My uncle picked her up and tried to calm her:

“Calm yourself now, it wasn’t a good man we beat.”

“How do you know? Maybe he was; maybe it was somebody going to fetch a doctor for a sick man.”

My uncle says:

“And what about my hat? Why did he snatch my hat?”

“God knows about your hat and where you left it.”

My uncle was offended, but mama paid no attention to him and turned to me again.

“I’ve kept my boy in the fear of God for so many years, and this is what he prepared himself for: thief or none, but he looks like one … After this no sensible girl in Orel will marry you, because now everybody, everybody, will know you’re a prigger.”

I couldn’t help myself and said loudly:

“For pity’s sake, mama, what kind of a prigger am I? It’s all a mistake!”

But she didn’t want to listen, and kept rapping me on the head with her knuckles and wailing woefully:13

“I taught you: my child, live far from wickedness, do not go gambling and merrymaking, do not drink two cups in a single gulp, do not fall asleep in a secluded place, lest your costly trousers be taken off you, lest great shame and disgrace overtake you, and through you your family suffer idle reproach and revilement. I taught you: my child, do not go to dicers and taverners, do not think how to steal and rob, but you did not want to heed your mother. Now take off your fine clothes and put on pot-house rags, and wait till the watchmen knock at our gates and Tsyganok himself comes barging into our honest house.”

She kept wailing like that and rapping me on the head with her knuckles.

But when my aunt heard about Tsyganok, she cried out:

“Lord, save us from bloody men and from Arid!”14

My God! In other words, our house turned into a veritable hell.

My aunt and mama embraced each other and, in that embrace, withdrew weeping. Only my uncle and I remained.

I sat down, leaned on the table, and I don’t remember how many hours I went on sitting there. I kept thinking: who was it that I robbed? Maybe it was the Frenchman Saint-Vincent coming from a lesson, or the secretary from the office who lives in the house of Strakhov, the marshal of the nobility15 … I was sorry for each of them. And what if it was my godfather Kulabukhov coming from the other side after visiting the treasury secretary! … He wanted to pass by quietly, so as not to be seen with a little sack, and I up and worked him over … A godson! … his own godfather!

“I’ll go to the attic and hang myself. There’s nothing else left for me.”
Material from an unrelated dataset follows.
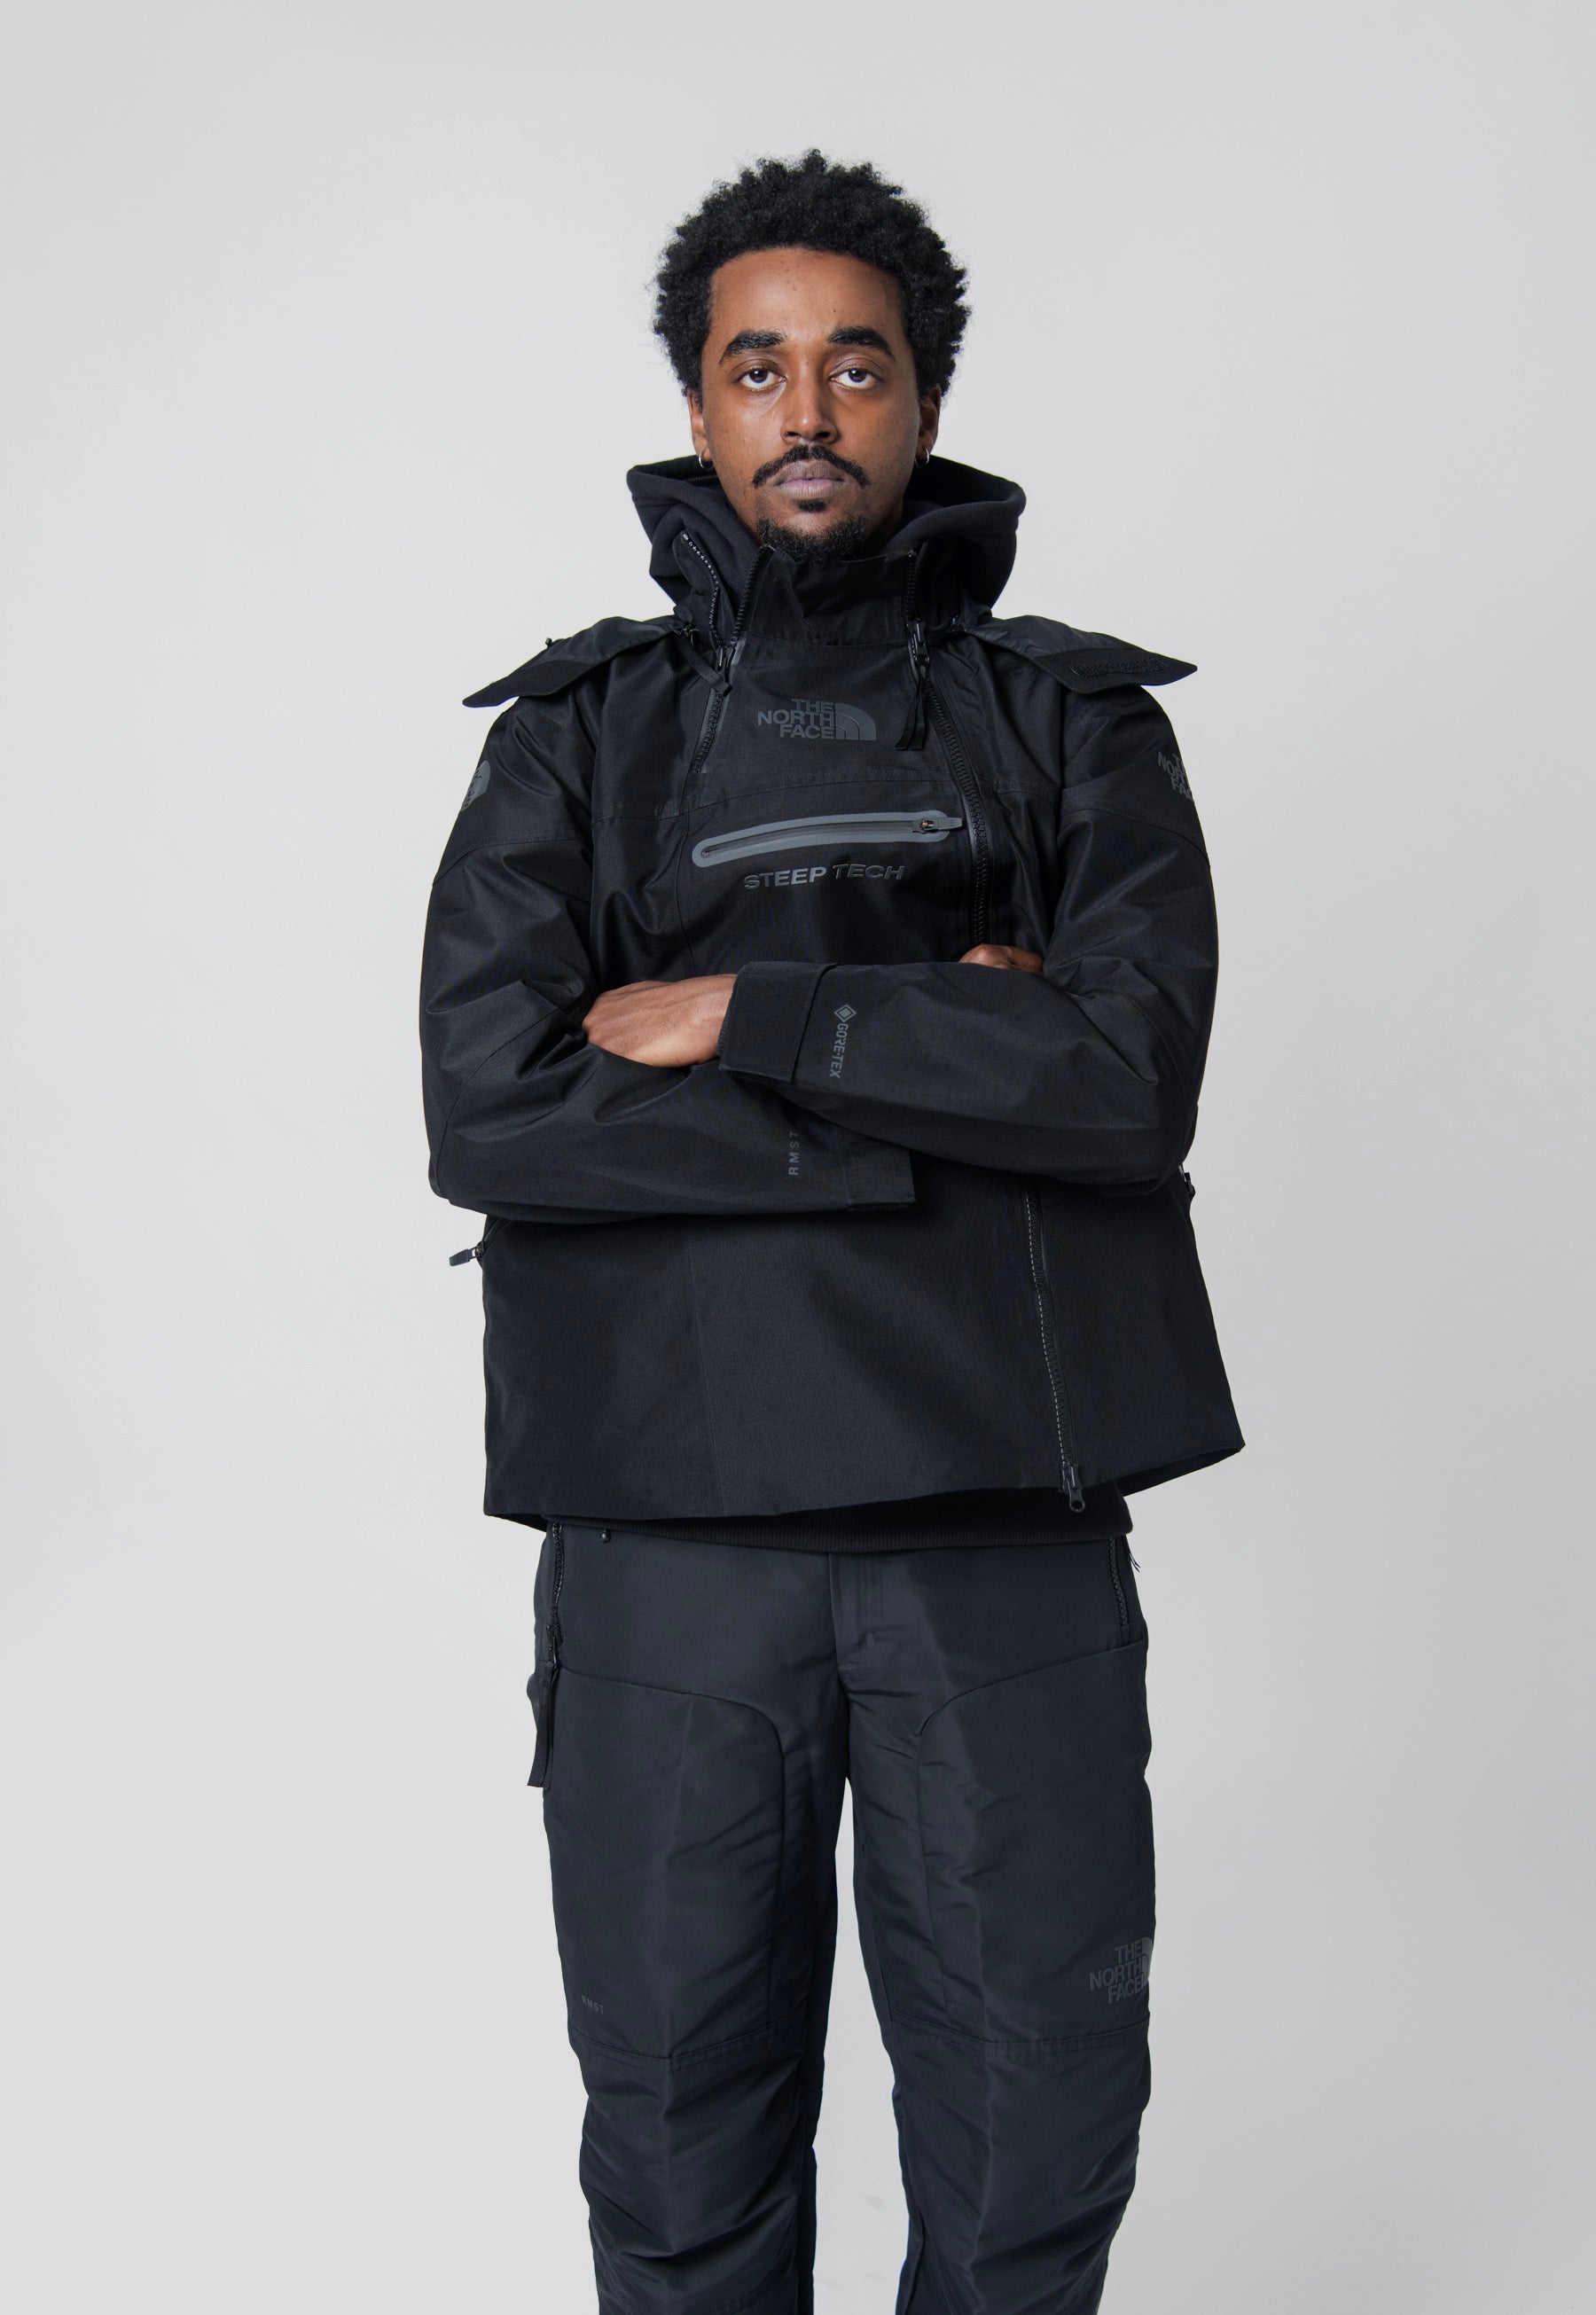 The North Face Men's Remastered Steep Tech Gore-Tex Work Jacket in

And my uncle was just fiercely drinking tea, and then he comes up to me somehow—I didn’t even see how—and says:

“Enough sitting and moping, we must act.”

“Why, yes,” I reply, “of course, if we can find out whose watch I took …”

“Never mind. Get up quickly, and we’ll go together and declare everything ourselves.”

“Who are we going to declare it to?”

“To your Tsyganok himself, naturally.”

“How shameful to confess it!”

“What can we do? Do you think I’m eager to go to Tsyganok? … But all the same, it’s better to own up to it ourselves than to have him come looking for us: take both watches and let’s go.”

I agreed.

I took both my own watch, which my uncle had given me, and the one I had brought home that night, and, without saying good-bye to mama, we left.